> WORK TASK:
Every line of the material below, from the top through the line with "Foto: Emilio Cuenca.", should be reproduced exactly.

┄┄┄┄┄┄┄┄┄┄┄┄┄┄┄┄┄┄┄┄

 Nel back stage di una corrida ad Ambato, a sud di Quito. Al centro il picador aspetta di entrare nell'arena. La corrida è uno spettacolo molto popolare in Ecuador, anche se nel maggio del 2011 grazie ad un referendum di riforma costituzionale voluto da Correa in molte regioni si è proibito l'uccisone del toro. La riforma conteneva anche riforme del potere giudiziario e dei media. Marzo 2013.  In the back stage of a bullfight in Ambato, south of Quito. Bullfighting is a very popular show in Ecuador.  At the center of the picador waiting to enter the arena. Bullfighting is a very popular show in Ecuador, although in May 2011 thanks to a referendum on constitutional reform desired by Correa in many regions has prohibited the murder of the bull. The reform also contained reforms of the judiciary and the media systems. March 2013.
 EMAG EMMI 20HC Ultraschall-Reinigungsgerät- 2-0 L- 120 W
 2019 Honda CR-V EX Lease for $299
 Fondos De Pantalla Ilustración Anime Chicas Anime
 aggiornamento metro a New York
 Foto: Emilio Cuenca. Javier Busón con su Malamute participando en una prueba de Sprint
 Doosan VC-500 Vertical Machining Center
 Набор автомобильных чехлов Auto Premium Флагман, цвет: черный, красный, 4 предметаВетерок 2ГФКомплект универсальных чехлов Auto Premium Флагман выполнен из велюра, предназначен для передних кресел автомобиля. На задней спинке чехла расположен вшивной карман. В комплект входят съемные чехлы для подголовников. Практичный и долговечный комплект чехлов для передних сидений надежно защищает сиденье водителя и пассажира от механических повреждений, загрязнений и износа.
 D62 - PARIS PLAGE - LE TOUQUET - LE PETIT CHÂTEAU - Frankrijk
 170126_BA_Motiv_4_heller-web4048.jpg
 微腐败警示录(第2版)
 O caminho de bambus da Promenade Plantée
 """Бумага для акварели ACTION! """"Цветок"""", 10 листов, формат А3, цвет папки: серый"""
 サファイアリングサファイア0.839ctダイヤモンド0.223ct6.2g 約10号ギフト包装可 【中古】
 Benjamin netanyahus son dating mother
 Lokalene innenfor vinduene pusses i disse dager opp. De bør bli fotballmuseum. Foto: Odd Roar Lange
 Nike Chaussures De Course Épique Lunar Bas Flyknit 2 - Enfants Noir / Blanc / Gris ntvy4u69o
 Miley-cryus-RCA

┄┄┄┄┄┄┄┄┄┄┄┄┄┄┄┄┄┄┄┄

> EXERCISE SOLUTION:
 Nel back stage di una corrida ad Ambato, a sud di Quito. Al centro il picador aspetta di entrare nell'arena. La corrida è uno spettacolo molto popolare in Ecuador, anche se nel maggio del 2011 grazie ad un referendum di riforma costituzionale voluto da Correa in molte regioni si è proibito l'uccisone del toro. La riforma conteneva anche riforme del potere giudiziario e dei media. Marzo 2013.  In the back stage of a bullfight in Ambato, south of Quito. Bullfighting is a very popular show in Ecuador.  At the center of the picador waiting to enter the arena. Bullfighting is a very popular show in Ecuador, although in May 2011 thanks to a referendum on constitutional reform desired by Correa in many regions has prohibited the murder of the bull. The reform also contained reforms of the judiciary and the media systems. March 2013.
 EMAG EMMI 20HC Ultraschall-Reinigungsgerät- 2-0 L- 120 W
 2019 Honda CR-V EX Lease for $299
 Fondos De Pantalla Ilustración Anime Chicas Anime
 aggiornamento metro a New York
 Foto: Emilio Cuenca. Javier Busón con su Malamute participando en una prueba de Sprint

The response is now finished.